Boxen und Unterstände sind jetzt bis zum Boden auszuräumen. Beschädigte Stellen sind auszubessern, Nägel, Schrauben und sonstige hervorstehende Teile zu entfernen.
Ein neuer Anstrich des Mauerwerks nach einer gründlichen Reinigung mit Desinfektionsmittel und Dampfstrahler kann auch nicht schaden.
Zu guter Letzt freut sich der Bewohner über ein neues Bett in Form einer dicken Matte frischer Einstreu.
   
Bei Offenstall- und Koppelhaltung sind die Zäune auf ihre Funktionstüchtigkeit zu überprüfen. Bei minus 10° ist nur schwer ein neuer Steher in den Boden zu rammen.
Die Stromversorgung hat zumeist auch spätestens bei den ersten Herbstwinden gelitten.
Unterstände sind wie die Boxen auszuräumen, zu renovieren und am Ende mit einer dicken Matte frischer Einstreu zu versehen.
Bei den Unterständen ist darauf zu achten, dass ein funktionierende Drainage Wasser nach außen und nicht hinein leitet. Außerdem ist auf genug Platz (mindestens 10 m2) pro Pferd zu achten. Eingang und Ausgang sollen einerseits leicht passierbar sein da oftmals starke Leitpferde die Schwächeren nicht reinlassen indem sie den Eingang blockieren, andererseits aber so angelegt sein, dass Wind und Wetter nicht ungehindert reinpfeifen können.
   
Bevor man aber nun die neuen Stallungen mit den Bewohnern beschickt, sind diese auch gründlich zu „reinigen“. Und zwar innerlich.
Eine Entwurmung entsprechend dem jeweiligen Befall ist die erste und wichtigste Maßnahme. Da jedes Wurmmittel wie auch jede andere Medizin auch gleichzeitig ein Gift ist, sollte man nur das  verwenden, was unbedingt notwendig und wirksam ist. Ihr Tierarzt gibt ihnen nach Untersuchung einer Kotprobe das optimale Präparat. Billig eingekaufte Mittel, die ohne vorherige Untersuchung auf Notwendigkeit und Wirksamkeit angewandt werden, können so wesentlich teurer kommen.

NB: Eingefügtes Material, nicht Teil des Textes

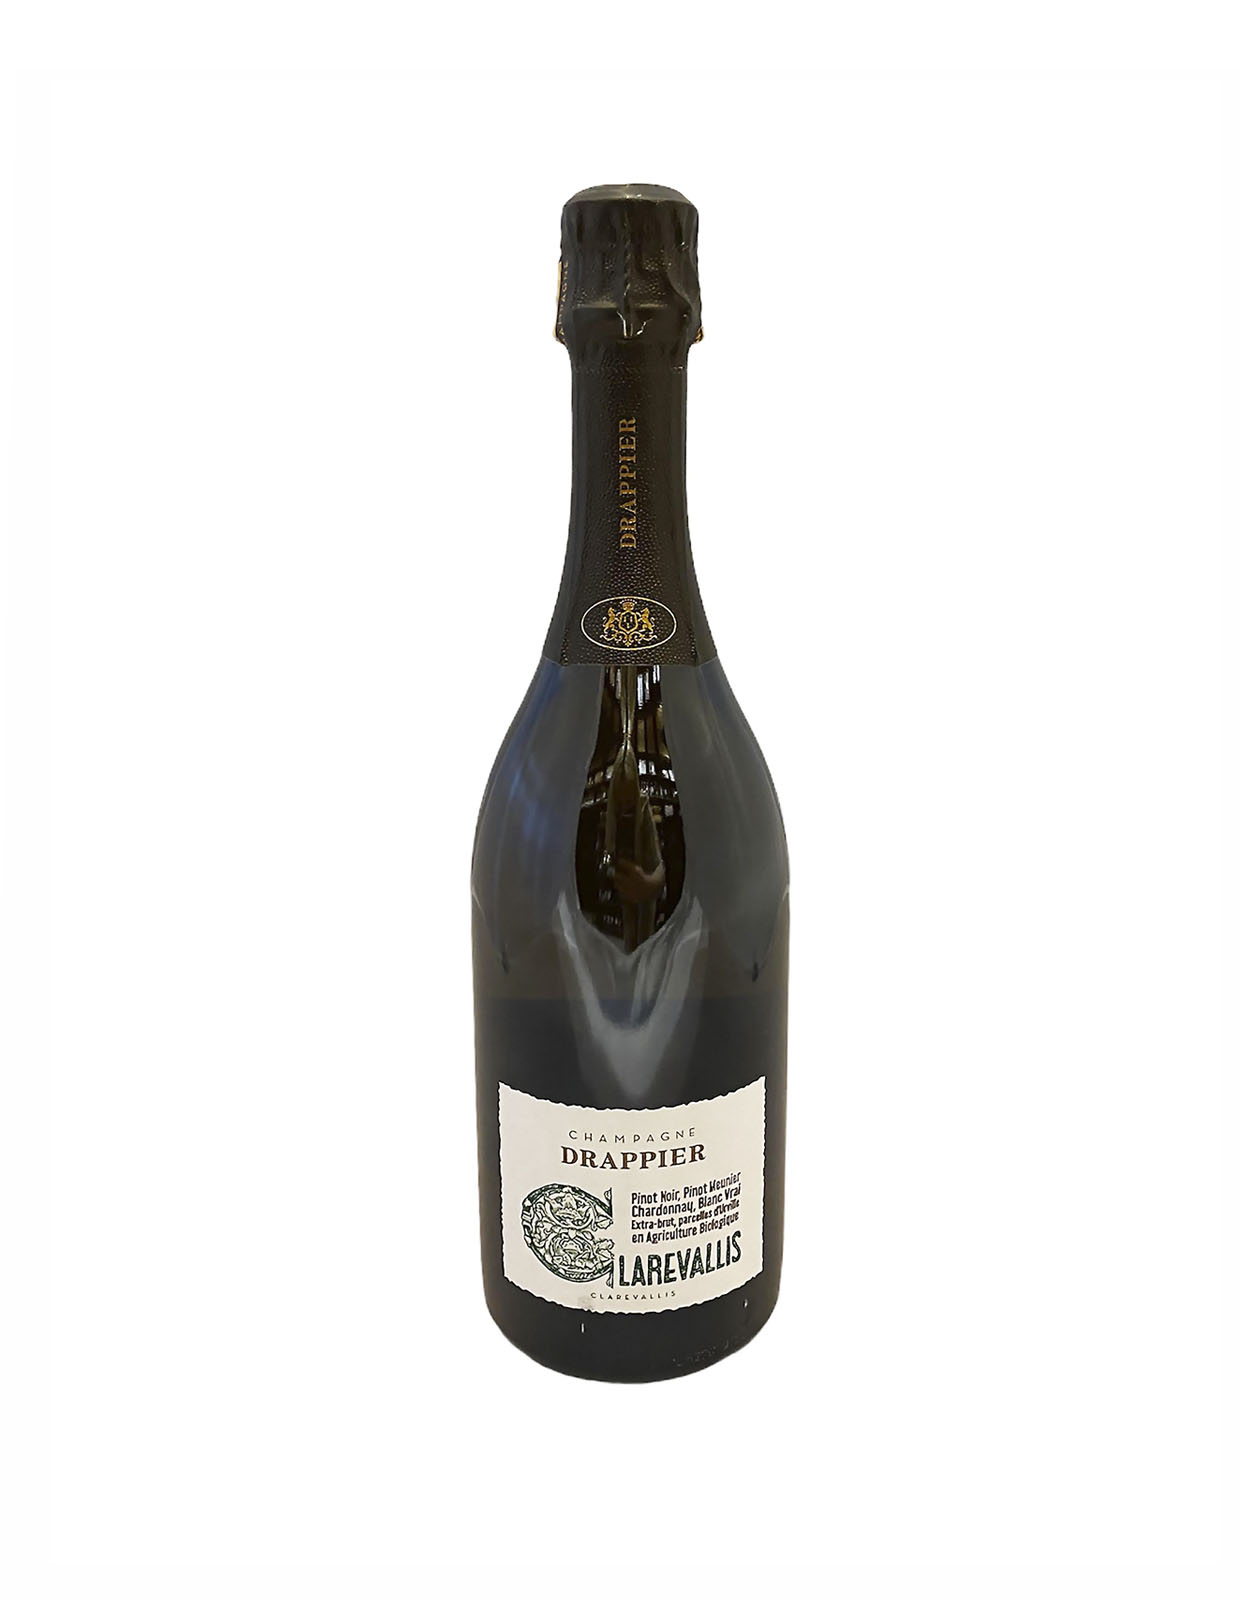 Clarevallis Extra Brut Champagne Francúzsko, Bublinky, bublinkové víno z talianska vinotéka Bratislava Petržalka Slnecnice, Sunnywines, rozvoz vina, winebar

Und einmal mehr bedeutet dann „Gut gemeint ist das Gegenteil von gut gemacht“. Diesmal aber auf Kosten ihres Pferdes. Finger weg von Gelegenheitskäufen unter dem Ladentisch, im Stall oder im Internet. Die Untersuchung einer Kotprobe kostet ab € 5,00 und sie erhalten das Präparat, das tatsächlich hilft.
   
Als „vorbeugende Reinigung“ könnte man auch die Schutzimpfung bezeichnen. Der Winter ist die Zeit, in der vermehrt Infektionskeime auftreten und in der das Immunsystem ihres Tieres gefordert ist. Dazu muss man es aber vorher in die Lage versetzen zu reagieren. Das geschieht durch die richtige Schutzimpfung. Am häufigsten ist der Atmungstrakt betroffen. Dafür gibt es verschiedene Impfstoffe. Den jeweils optimalen für ihre Bedingungen kann ihnen der Haustierarzt in einem Beratungsgespräch empfehlen.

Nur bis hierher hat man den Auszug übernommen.